Show that the system \begin{align} x'&=-y+x(1-2x^2-3y^2)\nonumber\\ y'&=x+y(1-2x^2-3y^2)\nonumber \end{align} has a limit cycle in $\frac{1}{4}<r<1$.
Here's what I've done so far: \begin{align} xx'&=-xy+x^2(1-2x^2-3y^2)\nonumber\\ yy'&=xy+y^2(1-2x^2-3y^2)\nonumber \end{align}
\begin{align} xx'+yy'&=-xy+x^2(1-2x^2-3y^2)+xy+y^2(1-2x^2-3y^2)\nonumber\\ \frac{1}{2}(x^2+y^2)'&=x^2(1-2x^2-3y^2)+y^2(1-2x^2-3y^2) \nonumber\\ \frac{1}{2}(x^2+y^2)'&=(x^2+y^2)(1-2x^2-3y^2) \nonumber \end{align} Knowing that $r^2=x^2+y^2$: \begin{align} \frac{1}{2}(x^2+y^2)'&=(x^2+y^2)(1-2x^2-3y^2) \nonumber\\ \frac{1}{2}(r^2)'&=(r^2)(1-2x^2-3y^2) \nonumber \end{align}
I'm now stuck here and I'm not really sure what to do next because of this part $(1-2x^2-3y^2)$.

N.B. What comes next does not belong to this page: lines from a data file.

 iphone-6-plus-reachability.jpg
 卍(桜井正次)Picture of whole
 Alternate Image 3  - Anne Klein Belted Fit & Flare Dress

Noting that on $r=1$, $$ \frac{1}{2}(r^2)'=(r^2)(1-2x^2-3y^2)=r^2(1-2r^2-y^2)<0 $$ and on $r=\frac14$, $$ \frac{1}{2}(r^2)'=(r^2)(1-2x^2-3y^2)=r^2(1-3r^2+y^2)>0 $$ by the Poincare-Bendixson Theorem, there is a closed trajectory lying in $\frac14<r<1$.